→ WORK TO BE COMPLETED:
What are the lines, word for word, from the line with "Ein Black Hawk" up to and including the line with "bottines pointues noires" in the records below? Omit the pictures.

→ DATA TO PROCESS:
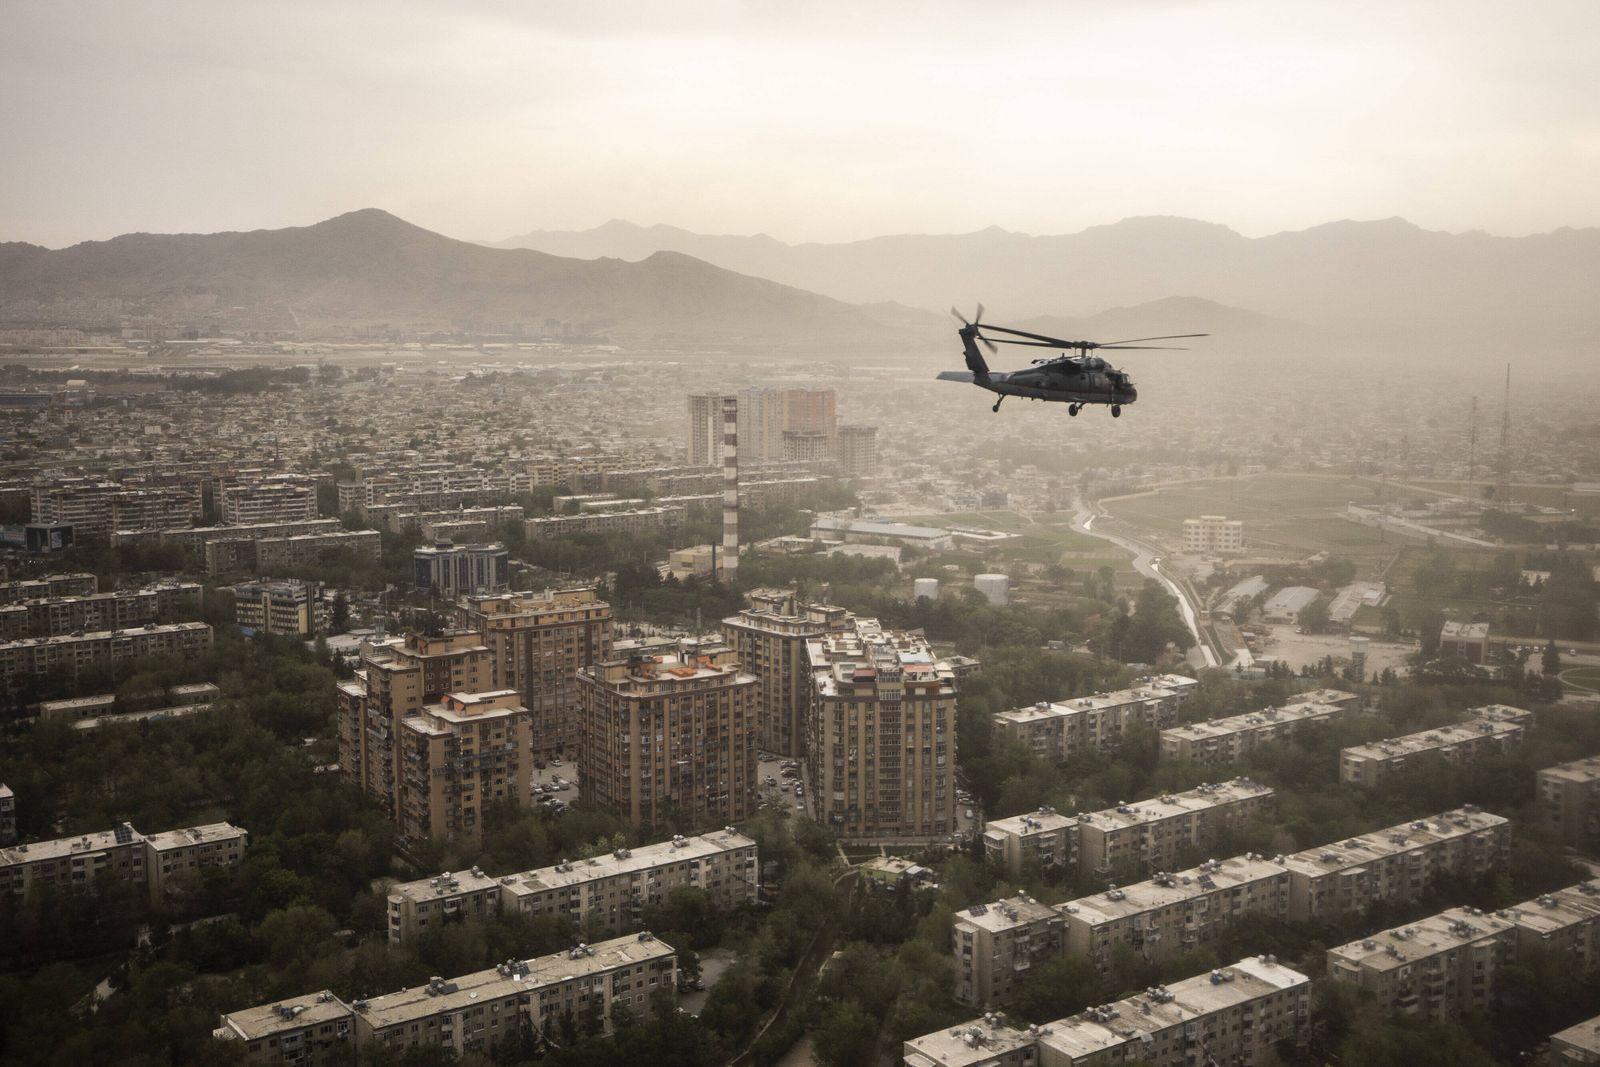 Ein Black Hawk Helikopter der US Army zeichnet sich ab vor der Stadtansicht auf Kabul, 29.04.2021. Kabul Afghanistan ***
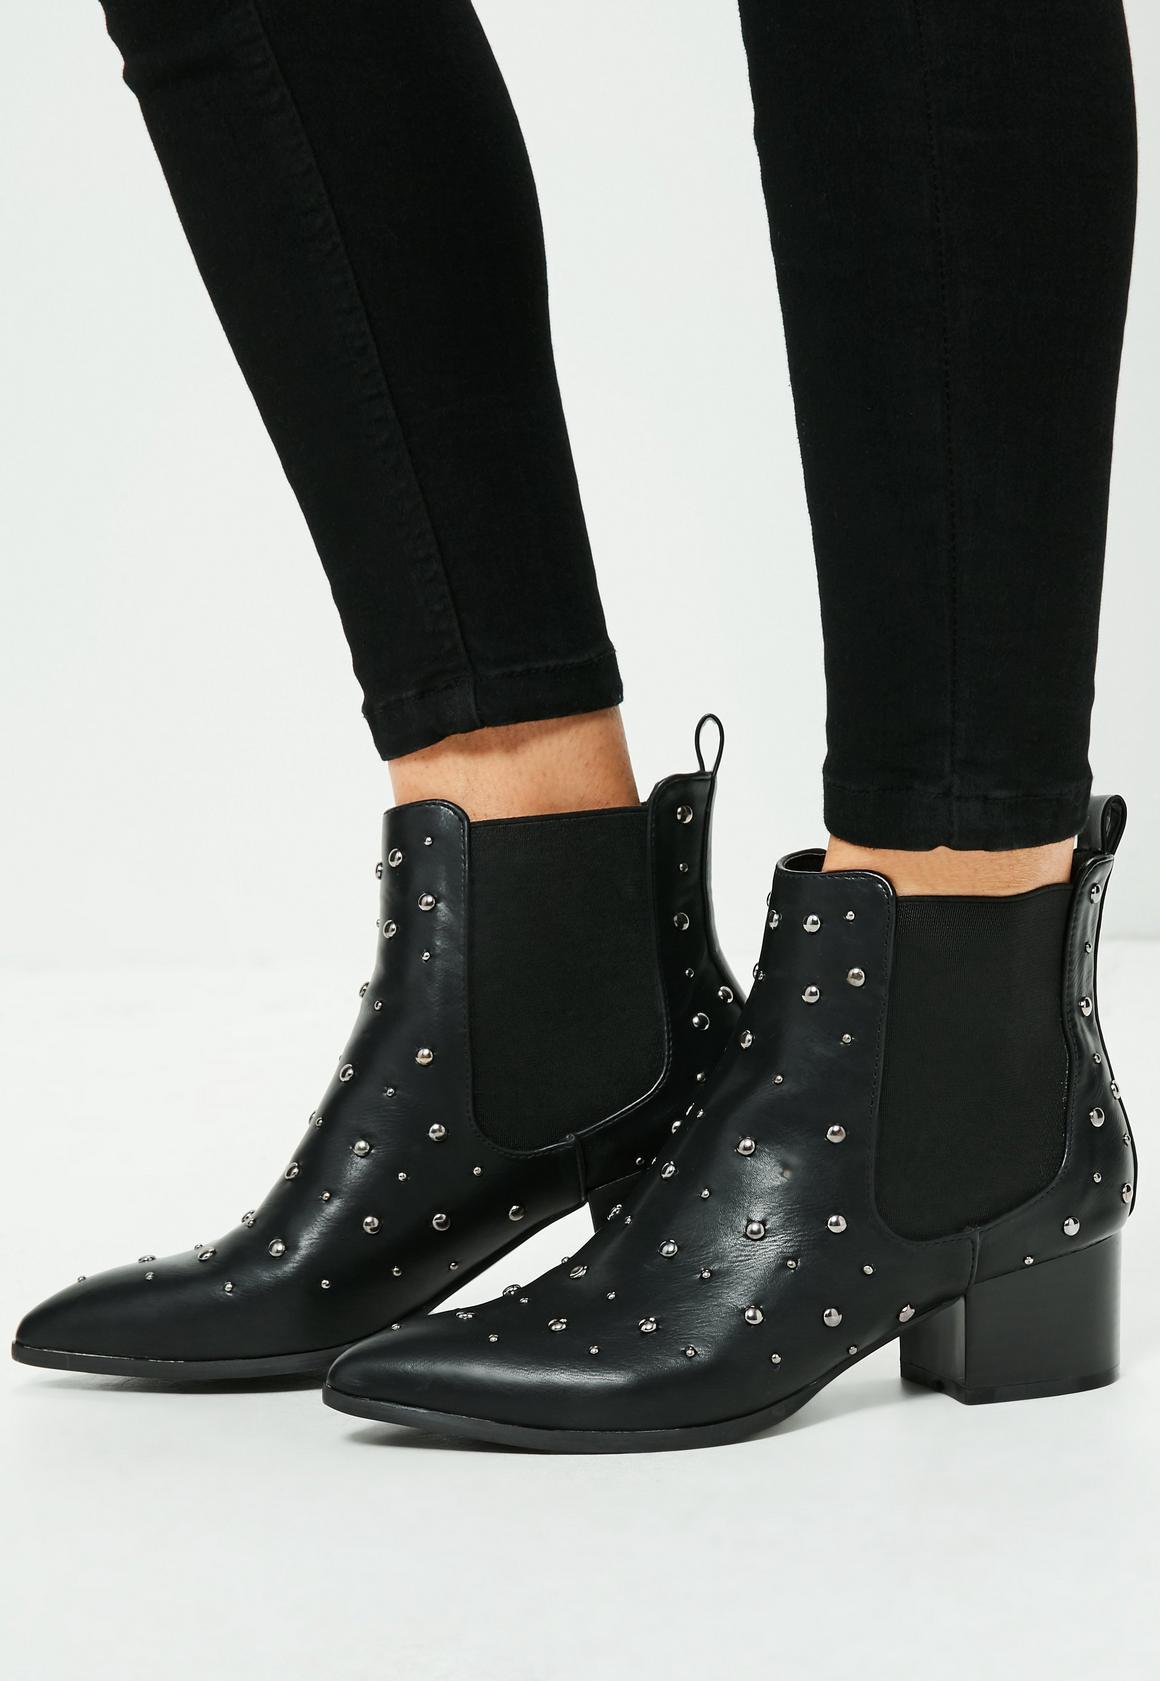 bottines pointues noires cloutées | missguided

--

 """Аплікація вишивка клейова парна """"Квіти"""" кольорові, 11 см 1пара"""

→ WRITTEN REPLY:
 Ein Black Hawk Helikopter der US Army zeichnet sich ab vor der Stadtansicht auf Kabul, 29.04.2021. Kabul Afghanistan ***
 bottines pointues noires cloutées | missguided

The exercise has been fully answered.